Сперва коллекцию смотрел начальник архива. По­том — его заместитель. Потом — начальник начальника. Затем — эксперт по оценке. После него — другой. Наконец они оба вместе. После этого стала известна предвари­тельная оценка, которая выражалась в сумме, заключав­шей четыре ноля, а впереди цифру, среднюю между де­вяткой и единицей. После этого собрали Научный совет. И тут каждый начал интересоваться не только тем, что составляет его специальность и предмет его изучения, но и решительно всем. Так, знаменитый наш пианист профессор А. Б. Гольденвейзер просматривал письма Льва Николаевича Толстого, которого близко знал, и в то же время держал руку на письмах Рахманинова — с ним он вместе учился.

Профессор Иван Никанорович Розанов, собравший в своей библиотеке восемь тысяч стихотвор­ных сборников, и тут, прежде всего, стал интересоваться стихами. И решительно все — музыканты, историки, архи­висты — подтверждали ценность коллекции, отдавая дол­жное опыту Бурцева. Только в одном автографе Бурцев ошибся: все подлинно в автографе Пушкина — и бумага, и дата, и подпись «Pouchkin». Только Пушкин не тот. Не Александр Сергеевич, а брат его — Лев. Необычайно по­хожий почерк.

Плохо было, однако, то, что, пока шли ознакомления и обсуждения, оценки, переоценки, бюджетный год подо­шел к концу. И средства, отпущенные на покупку коллек­ции, срезали.

Тогда мне сказали:

— Поскольку дочь Бурцевой гостит у вас, передайте ей, что оформление задерживается и что оплатить покуп­ку мы сможем только в новом году, после того как нам утвердят смету. А пока пусть едет в Актюбинск. Мы ее вызовем. Это будет в марте или апреле.

Я приехал домой и сказал:

— Покупка несколько задержалась, Рина, поэтому пока поезжайте в Актюбинск. Они вас вызовут. Это бу­дет... в январе или в феврале.

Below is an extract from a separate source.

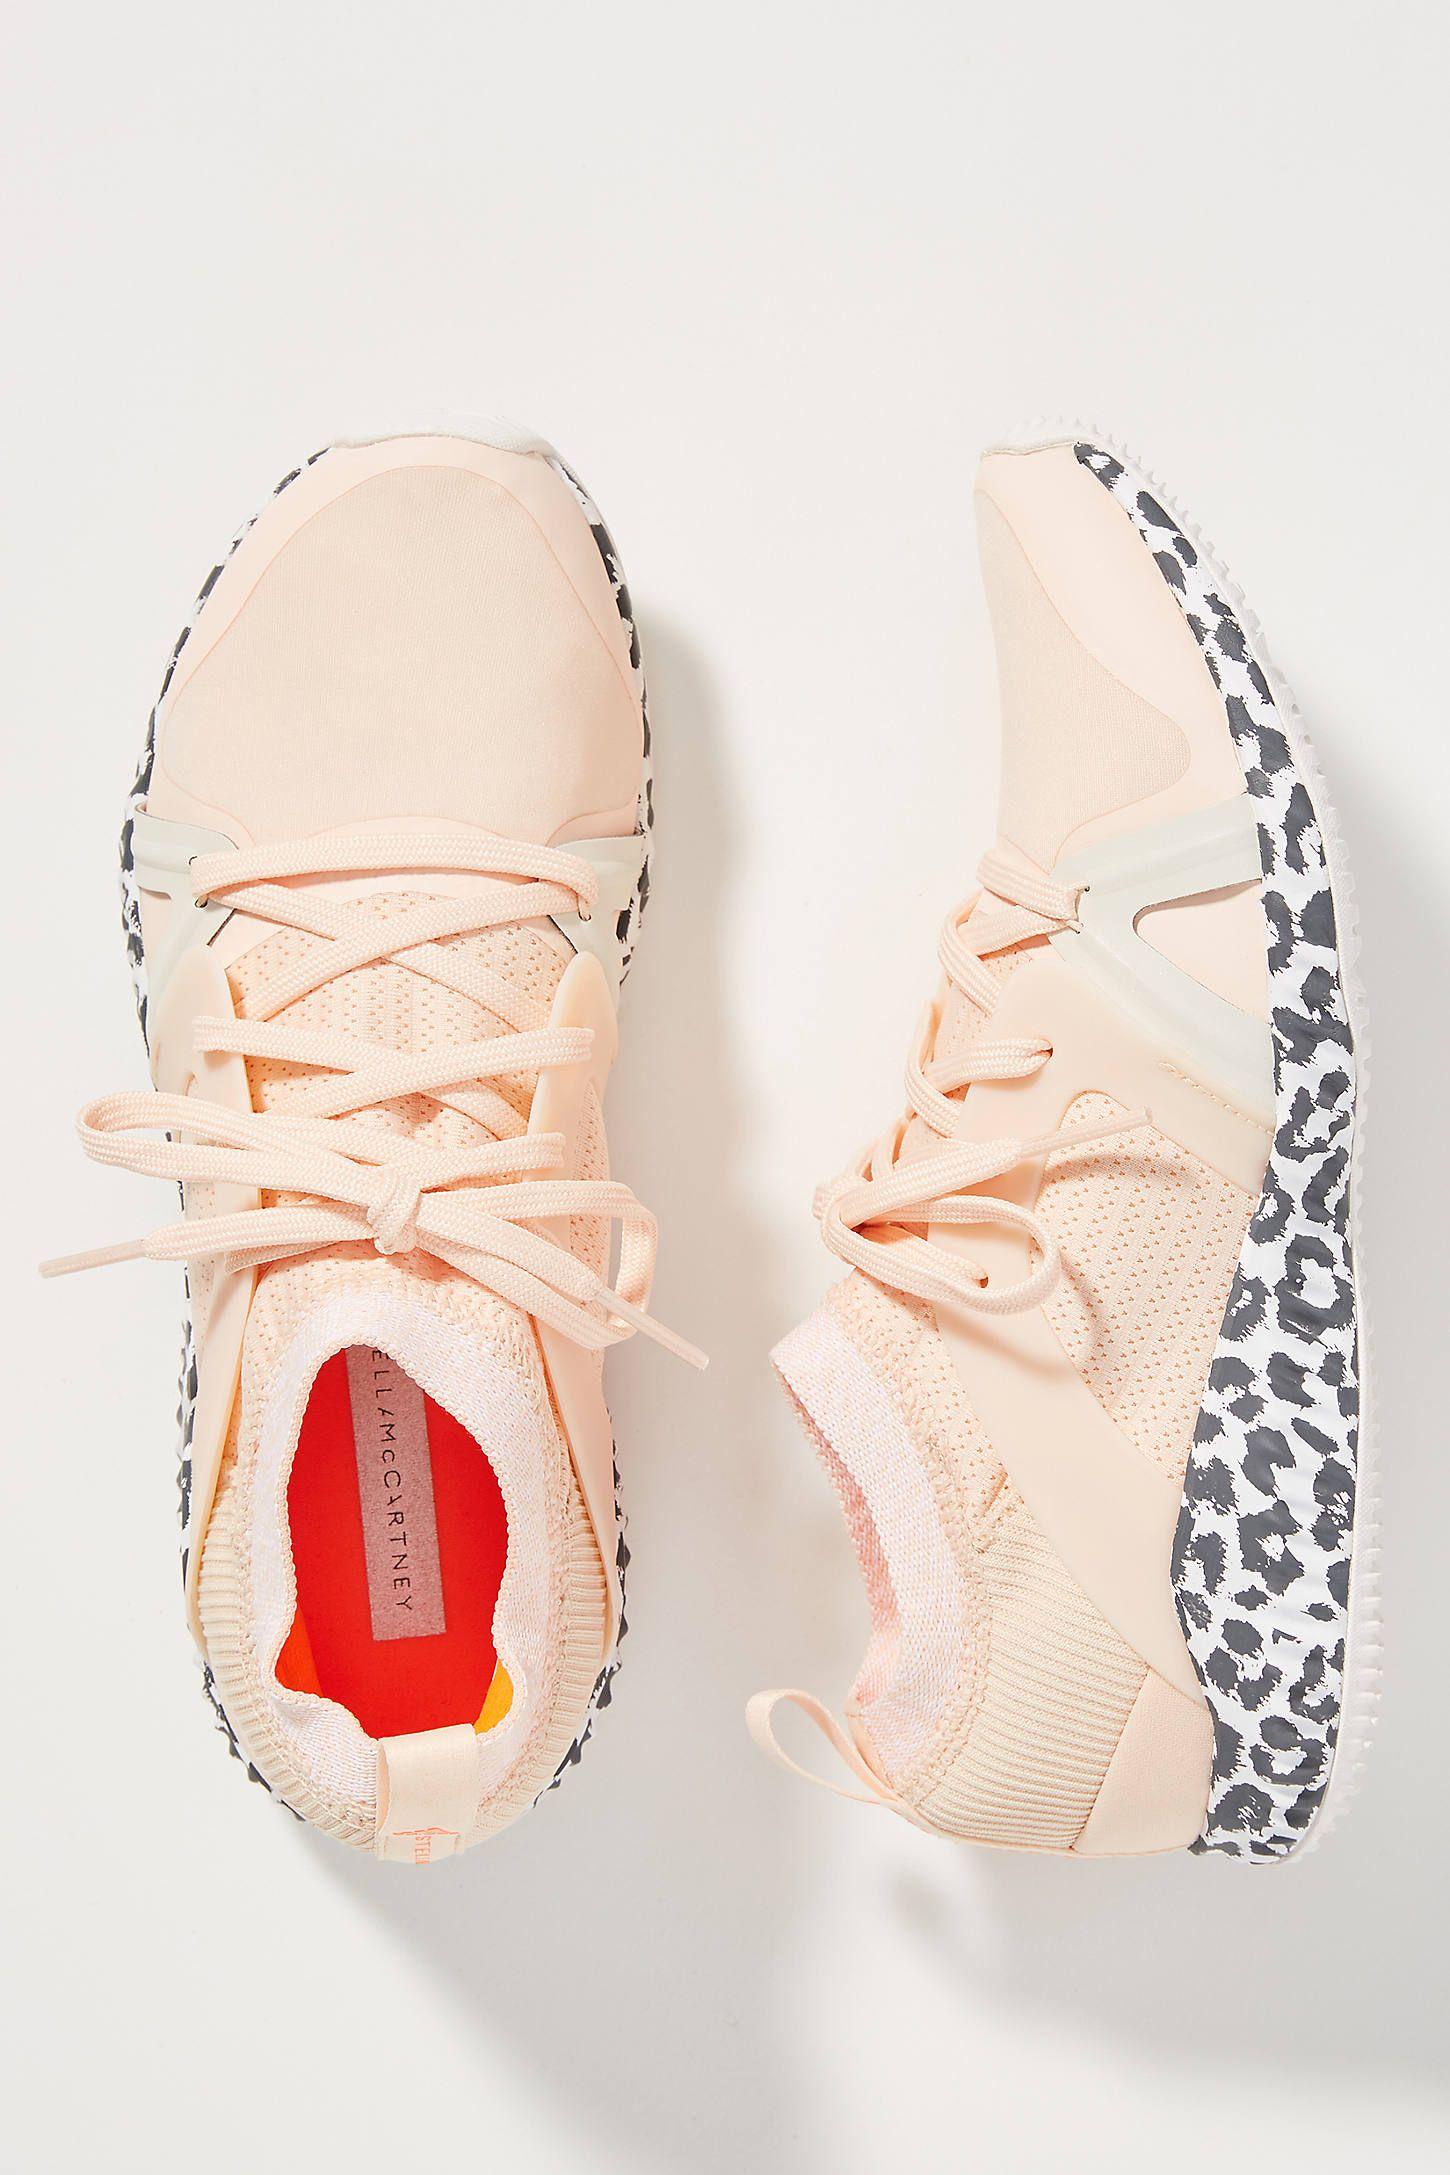 Adidas by Stella McCartney Peach Leopard Sneakers

Даже и сейчас, по прошествии долгого времени, без всякого удовольствия вспоминаются дни, когда я ходил ви­новатый в том, что не заплатили, испуганный, что не скоро заплатят. Со дня приезда в Москву прошли две недели, и три... Рина скучала, ходила в кино, беспокоилась о ребен­ке и о коллекции, напоминала мои обещания: «Двадцать третьего будете дома». Из Актюбинска шли телеграммы.

Все это было невесело!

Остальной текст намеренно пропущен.